We are all familiar with the various government service announcements telling us to exercise more, get out of the house, start eating more fresh food and so on. What we don’t hear is how our social status, our education level, our economic situation, and our direct environment is effecting our potential to live a fully healthy life.
Professor Sir Michael Marmot argues that health inequalities do not exist in isolation of social inequalities. Policy on health therefore needs to take a more comprehensive approach in order to achieve health equity for all citizens. According to the Health Impact Assessment by the World Health Organisation (WHO), determinants of health include:
- Income and social status
- Physical environment
- Social support networks
- Health services
This can be seen within Australia. For example, the disparity between the health of Indigenous and non-Indigenous Australians is pronounced. Life expectancy for Indigenous Australians is significantly shorter than that of non-Indigenous Australian. According to the Australian Institute of Health and Welfare, as of 2011 the gap between Indigenous and non-Indigenous life expectancy was 11.5 years. Yet, it’s not just the official Department of Health and Aging that should be concerned about this.
Health inequalities should also be addressed in policy by other government departments. Health equity can be reached in a number of ways by other government departments either directly or indirectly aiming for health objectives. For example, improvements in housing such as properly insulated homes and proper housing design are shown to have positive effects on mental and general health.
The Australian Bureau of Statistics has linked housing conditions with disparities in Indigenous health within Australia. While the Department of Family and Community Services who are responsible for overseeing housing are not directly related to health, it seems that the actions taken by the department still have subsequent effects on the health of individuals, especially those who rely on their services.
These findings can also be applied internationally in foreign aid health programmes. At the moment, various non-government organisations as well as multilateral and bilateral initiatives exist to address health problems in developing nations. These organisations and initiatives distribute resources for the provision of health services to citizens in developing nations. Overall it can be said that aid has helped improve health in developing nations in that there is a noticeable increase in life expectancy in developing nations relative to the aid given to those nations. People in Sub-Saharan Africa now live 20 per cent longer than in 1960, with life expectancy increasing from 40.6 years to 50 years, despite the HIV/AID epidemic and other issues such as famine and political instability.
However, current aid initiatives have been considered to be unsustainable as they do not address the causes of health inequality and thus fails to prevent health issues from occurring again. This does not mean simply spending more on aid but rather attempting to find a more effective approach to distributing aid resources.
Whether health equity is being addressed at the international or domestic level it is fair to say that health issues should be approached in a co-operative manner, need not be expensive for society, and should have an impact early on in an individual’s life. For example, 44% of children in England were not considered to have reached appropriate development levels by the time they are 5. The Marmot Review of health inequalities in England found that reading to children every day, regular bedtimes, and cuddling children, had a positive impact on their health and mental development and that there is a link between socioeconomic status and the likelihood of parents to partake in such activities with their children.

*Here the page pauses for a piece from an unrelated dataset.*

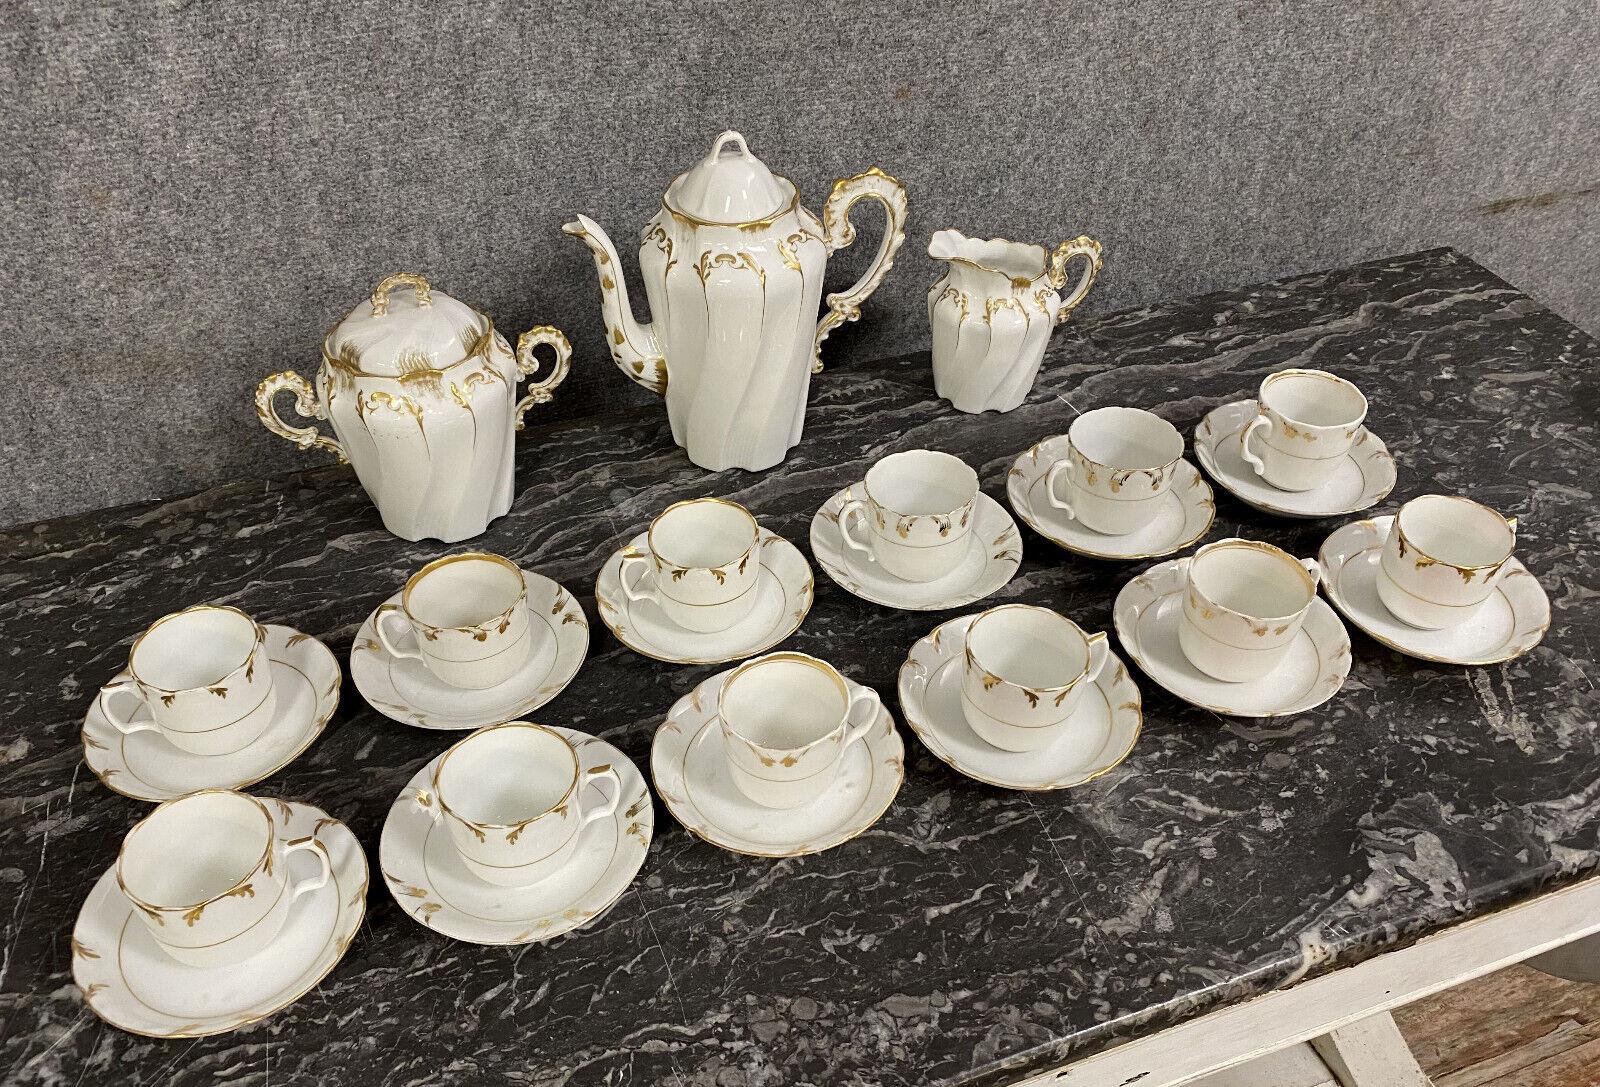 Exquisite 19th Century Lyonnaise Porcelain Coffee Service 1880s -1X43 In Good Condition For Sale In Bordeaux, FR
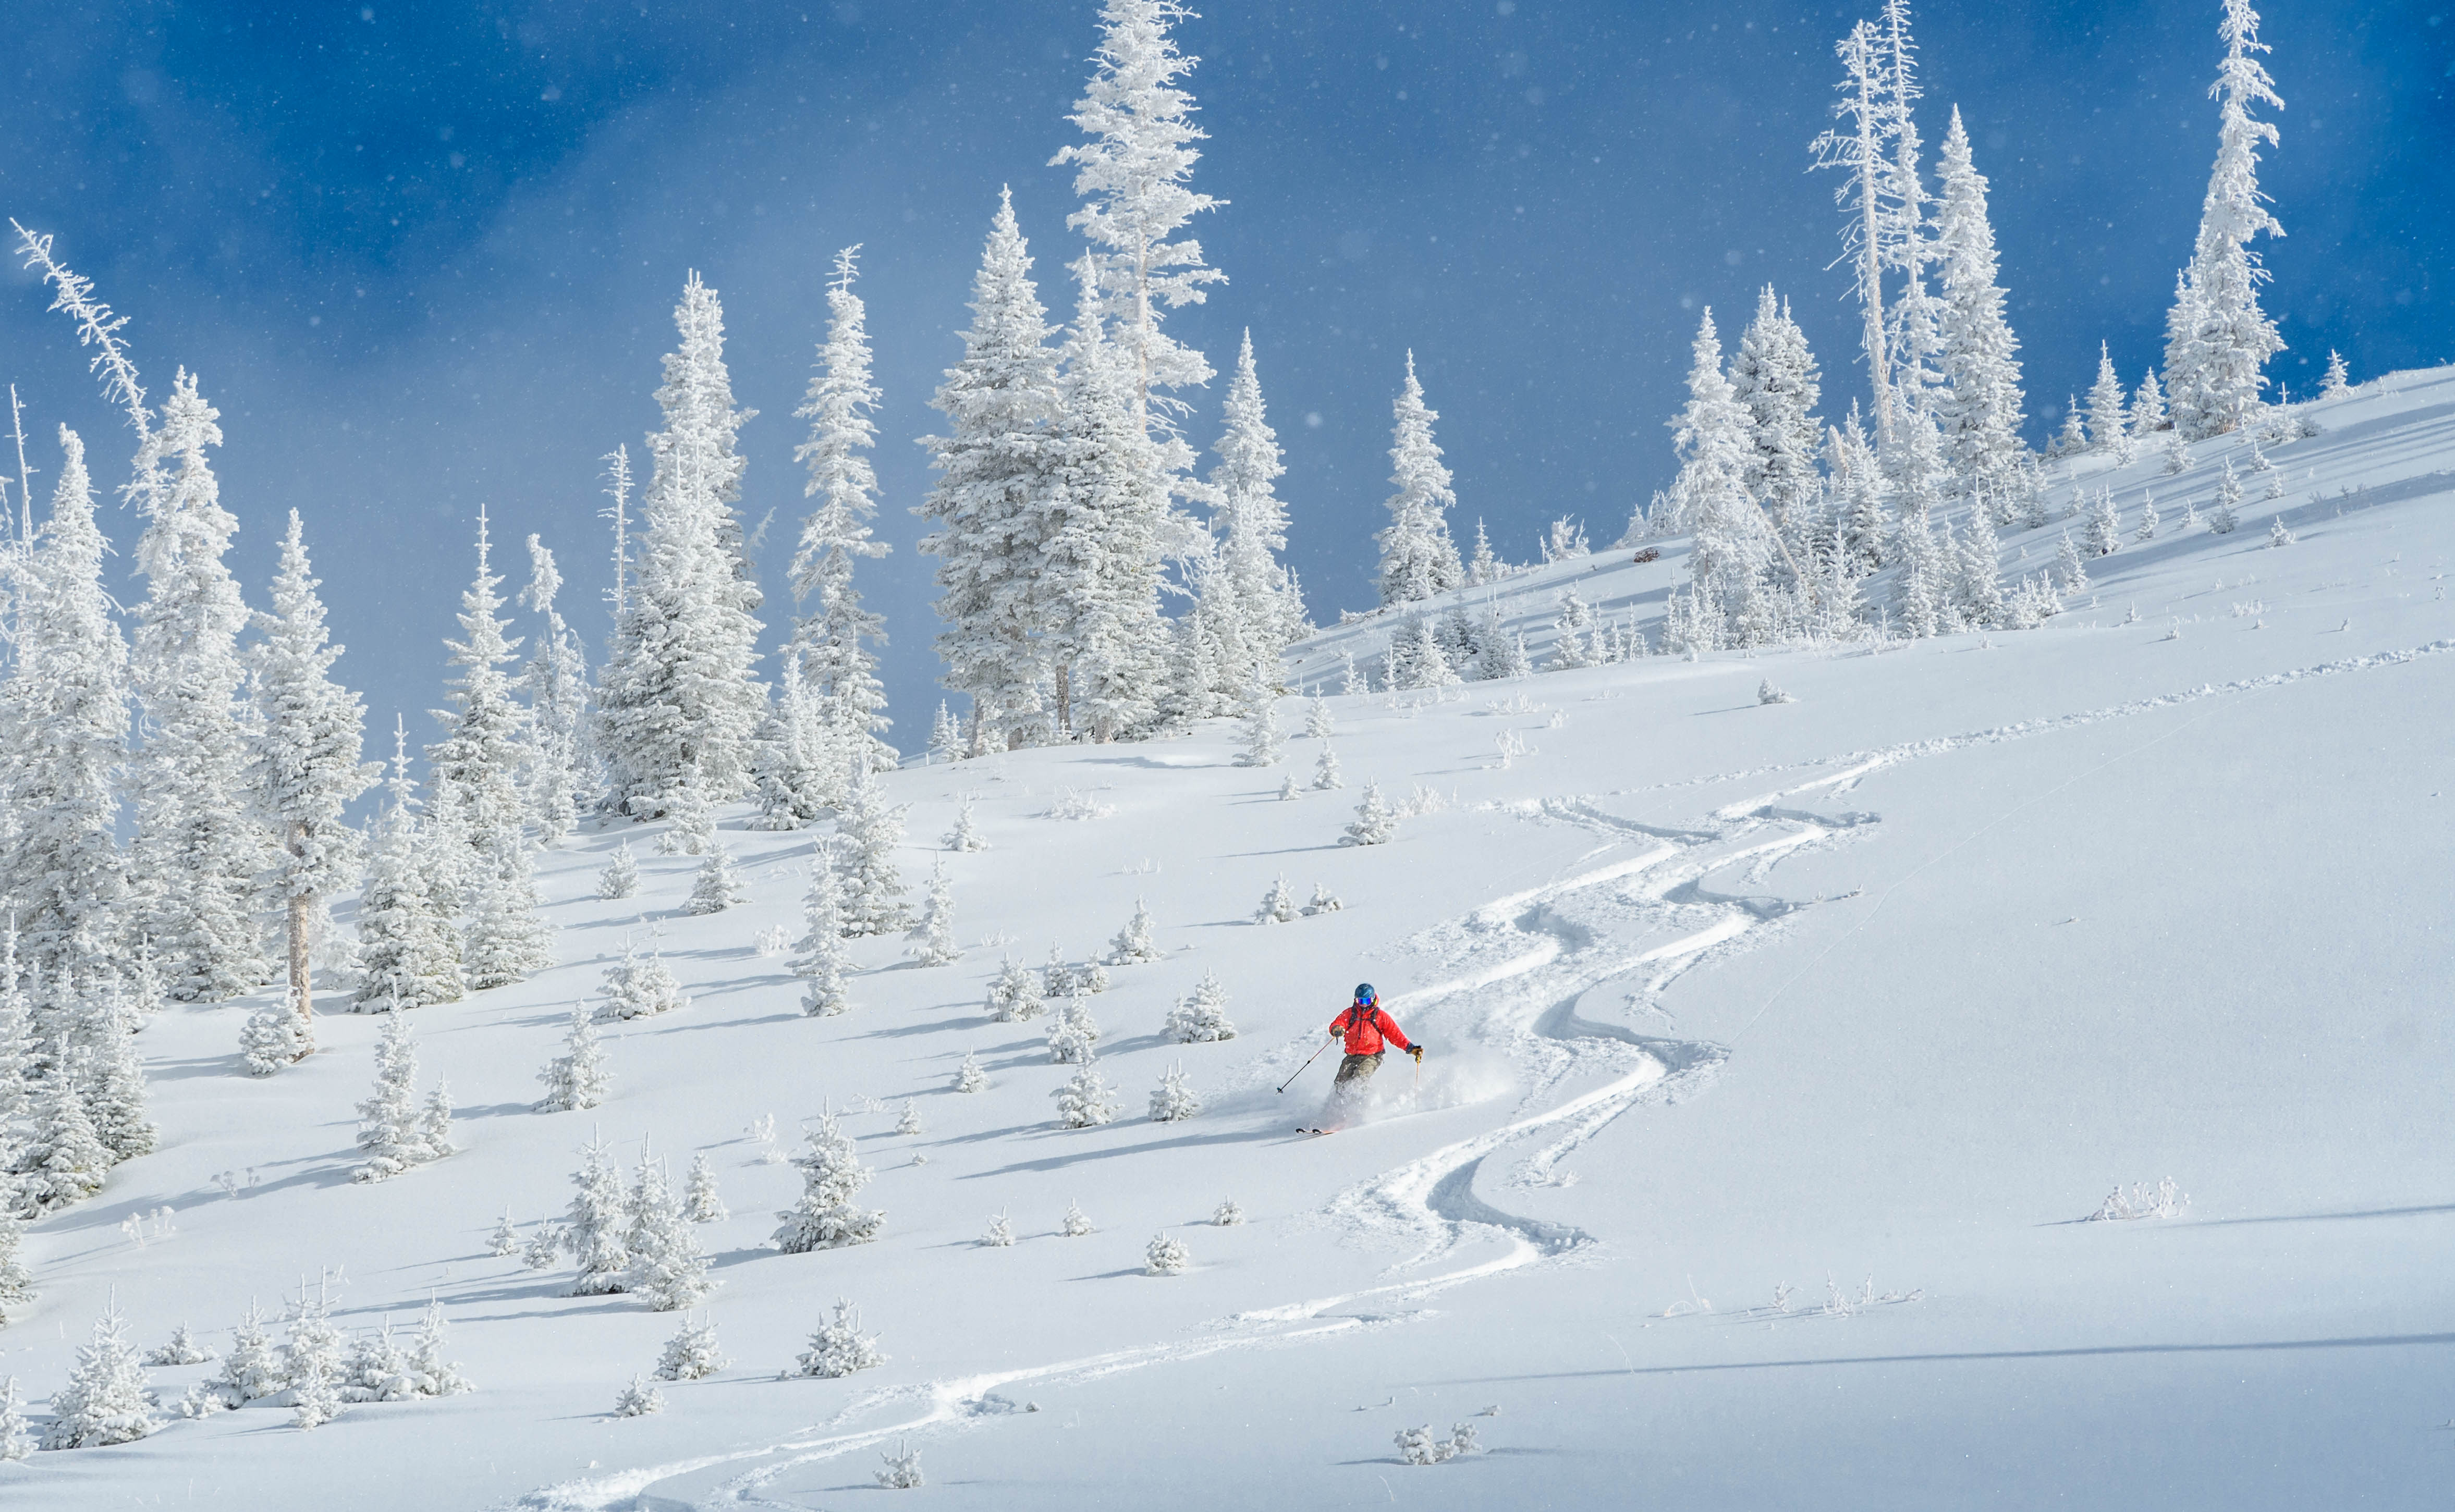 Brian Head Resort announces opening date, early season conditions

A similar pattern was also evident between socioeconomic status and child school readiness. As such it is apparent that all these factors were interrelated and a comprehensive approach needed to be taken in order to address these issues.
The Marmot Review recommended that public health officials needed to work along with local authorities and community groups in order to achieve health equity. It was not simply a matter of telling parents to read more to their children as there are clearly issues regarding socioeconomic status which were impacting on a parent’s ability or likelihood to do such things. Therefore the government needed to acknowledge that investments needed to be made to address the socioeconomic inequalities as well.
Links between social inequality and other health issues are also evident in society including obesity and rates of smoking and drinking. The Marmot Review recommendations are being implemented throughout the U.K. and there has been a move in the U.K. toward local bodies being responsible for community-based initiatives which help address the social factors that impact on health rather than simply relying on national government authorities alone.
So should there be a Marmot Review equivalent in Australia? Director of the Southgate Institute of Health, Society and Equity at Flinders University, Fran Braum thinks so, do you agree?